New polymer heart valve implanted in first patient
Caltech researchers have helped to design a new generation of heart valves that are longer-lasting, cost less to manufacture, and are more biocompatible than options that are currently available to patients. As part of an FDA trial, one of the new valves was implanted into a human for the first time in late July.
The new Tria heart valve was created by Foldax Inc., a Caltech startup cofounded by Mory Gharib, the Hans W. Liepmann Professor of Aeronautics and Bioinspired Engineering in the Division of Engineering and Applied Science. Gharib and his team worked closely with Foldax lead designer Jason Beith in designing the new valve. It was implanted in a patient with aortic valve disease at Beaumont Hospital in Royal Oak, Michigan, as part of an FDA Early Feasibility Study (EFS).
Aortic valve disease—a condition where the valve between the main pumping chamber of the heart and the body’s main artery stops functioning properly—can either be congenital, age-related, or the result of other diseases. The heart valve that the Tria is intended to replace has three flaps, or leaflets, connected by flexible tissue. As the heart beats and pumps blood through the valve, the flexible tissue bends outward, opening the valve. In between the beats, the flexible tissue bends back in, closing the valve and preventing blood from flowing backward. When the leaflets become diseased they stiffen and impede blood flow.
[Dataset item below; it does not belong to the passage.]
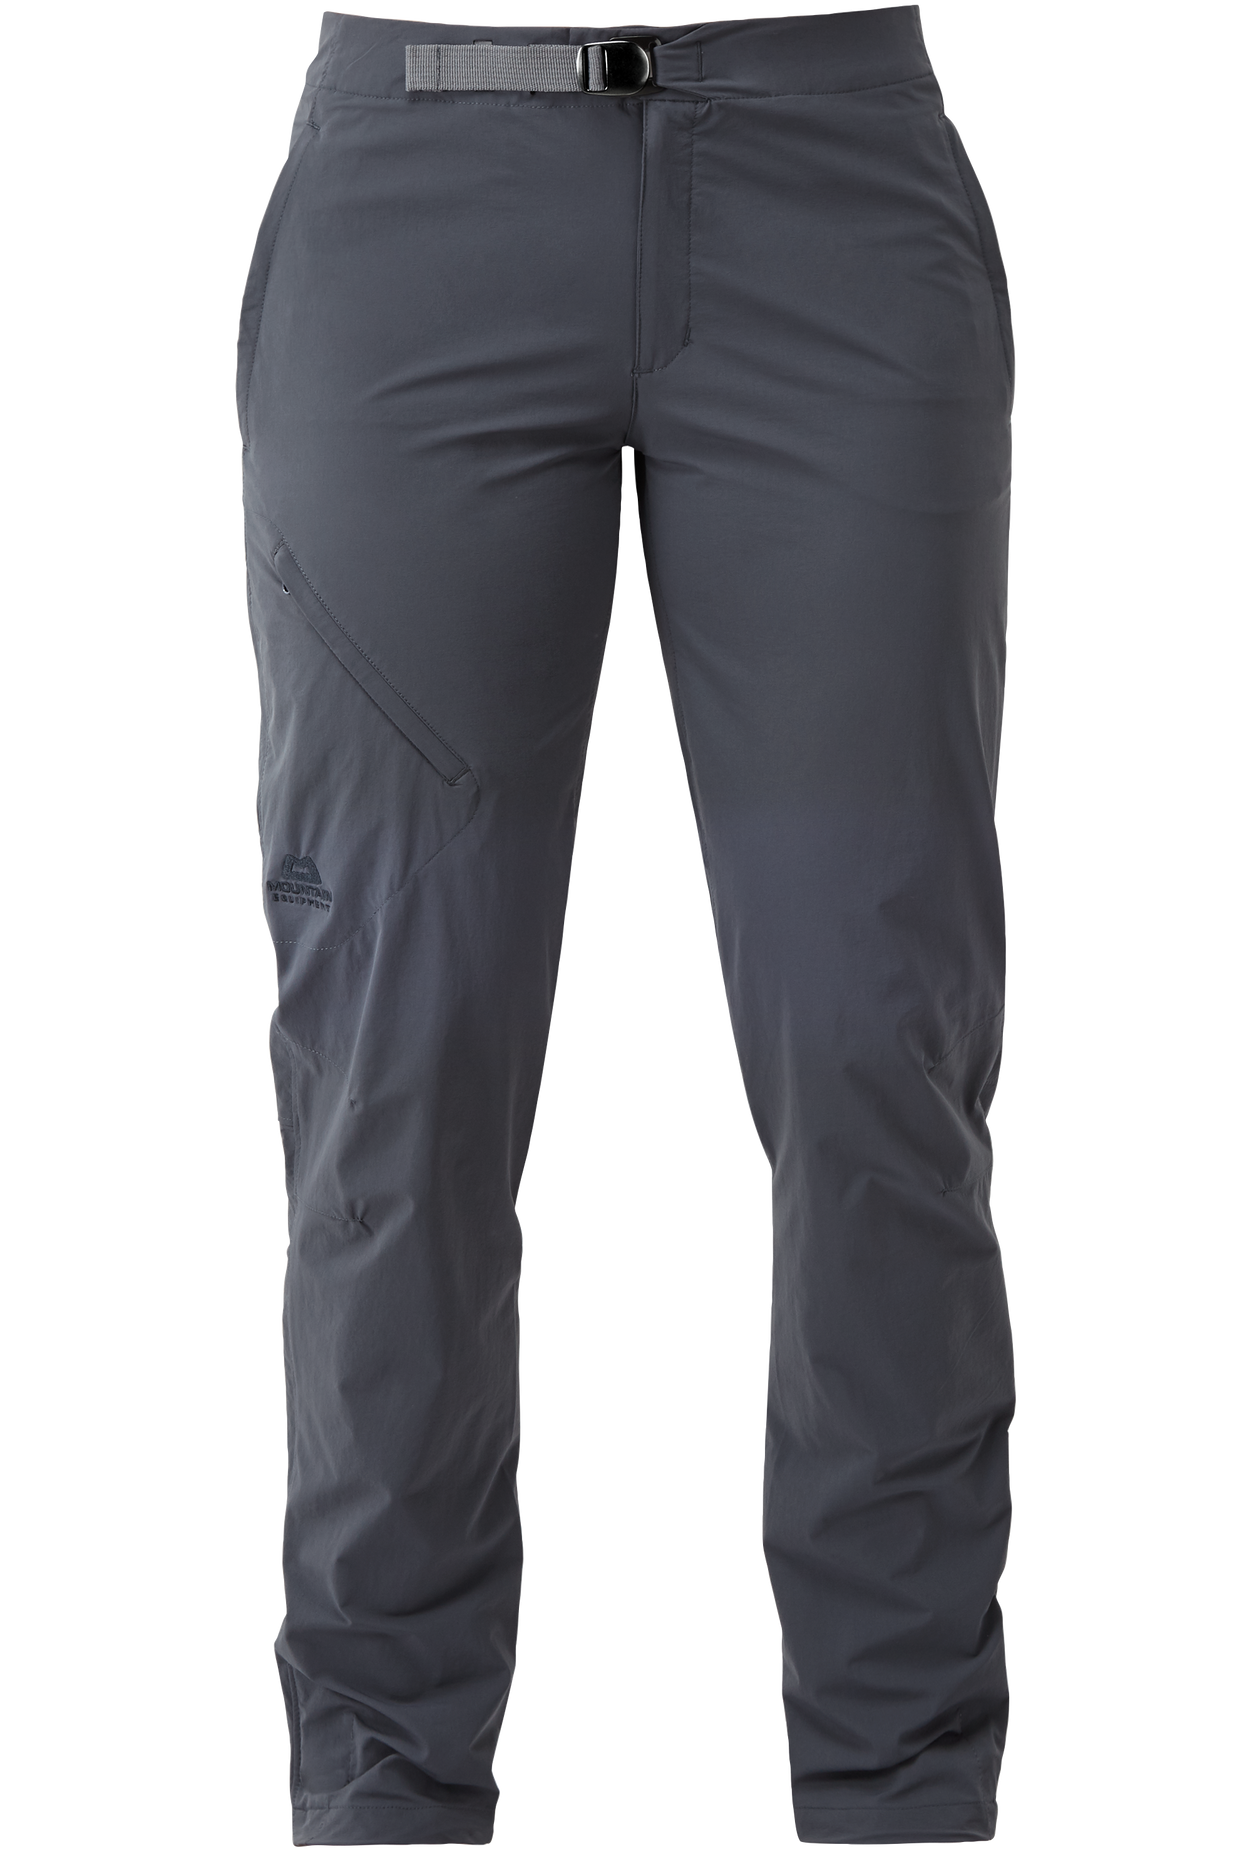 Mountain Equipment dámské softshellové kalhoty Comici Wmns Pant Barva: Ombre Blue, Velikost: 8/XS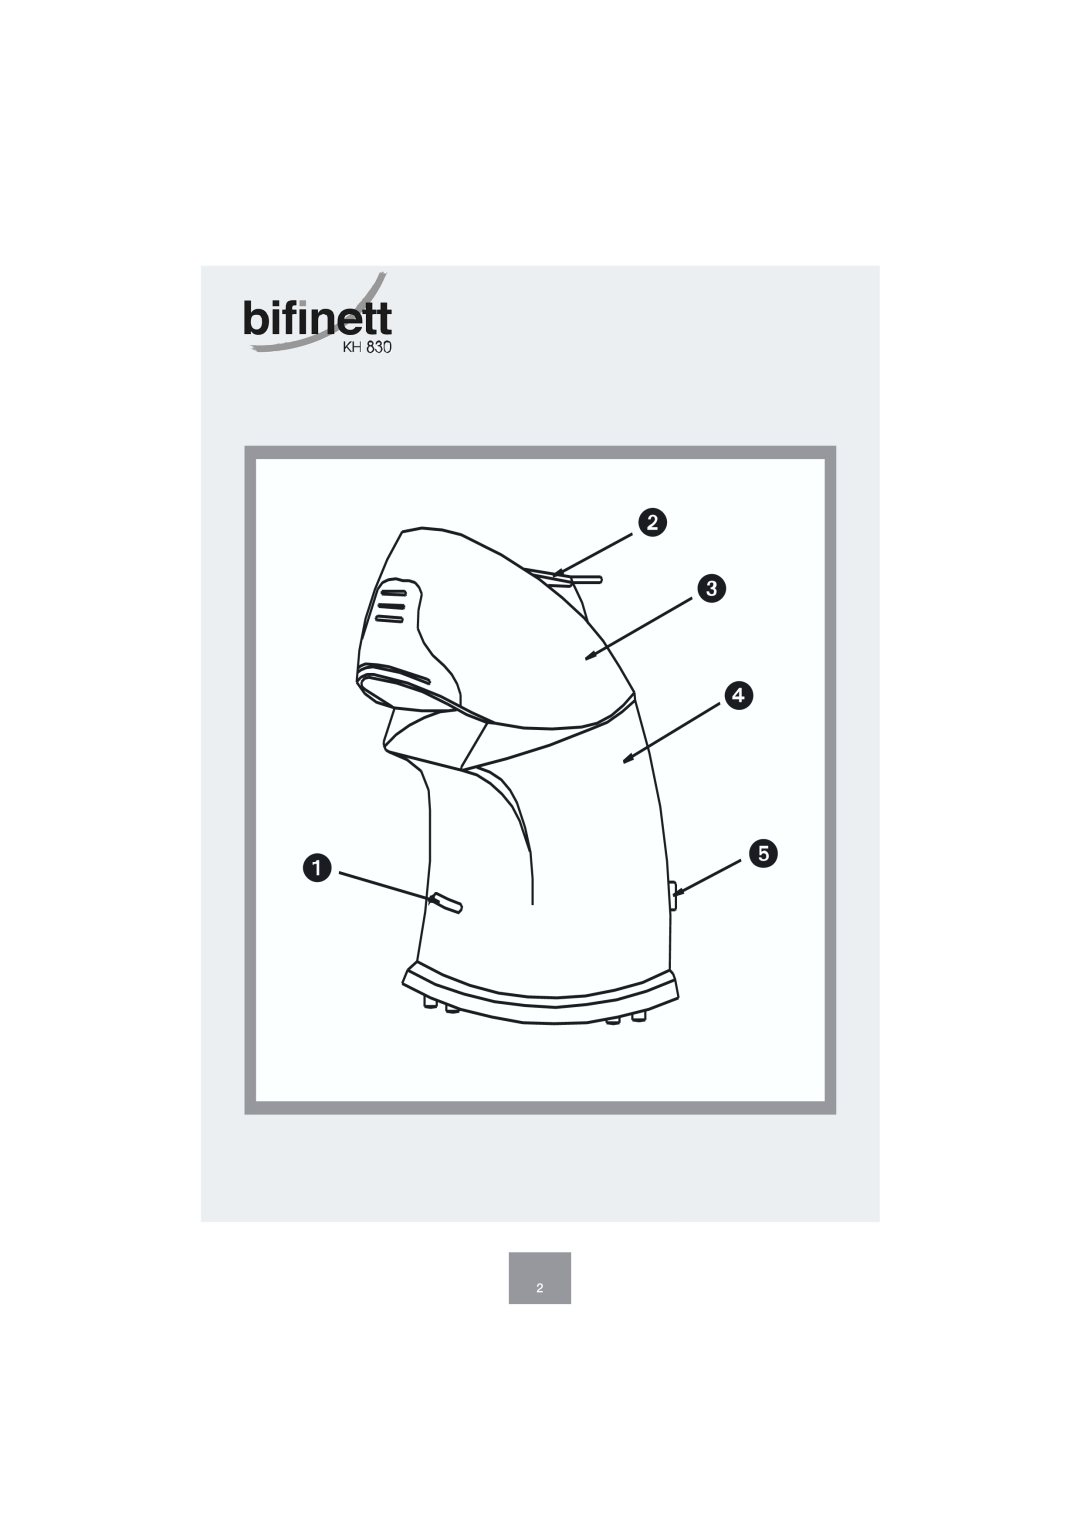 Bifinett KH 830 manual

Individuals affected by the disease often require open heart surgery to replace the malfunctioning valve, for which they have had two options: a mechanical valve or a tissue valve. Mechanical valves, crafted from a synthetic material such as pyrolytic carbon, are the more durable option, but require patients to go on lifetime blood thinners to prevent blood clotting and can cause damage to red blood cells. Tissue valves, which are painstakingly hand-stitched from animal heart tissue, present less risk of causing clots and cellular damage but are less durable than mechanical valves due to calcification and general wear and tear. Both can be expensive options.
In contrast, the Tria valve uses a newly developed biopolymer material coupled with a bioinspired shape to create a valve capable of lasting decades without calcification, risk of clotting, or damage to red blood cells. In testing, one valve already has lasted for 600 million cycles—the equivalent of around 15 years—without signs of significant wear and tear, Gharib says. The unique polymer that was key to the valve function was developed in partnership with Australia’s national science agency, the Commonwealth Scientific and Industrial Research Organisation (CSIRO). Robert Grubbs, the Victor and Elizabeth Atkins Professor of Chemistry who consulted on the polymer synthesis and characterization, is a member of Foldax’s scientific advisory board.
“It’s a powerful combination of the bioinspired design and advanced engineering that we have at Caltech,” Gharib says. “This is among my proudest moments. Creating something with the potential to save and improve lives is one of the reasons I became an engineer.”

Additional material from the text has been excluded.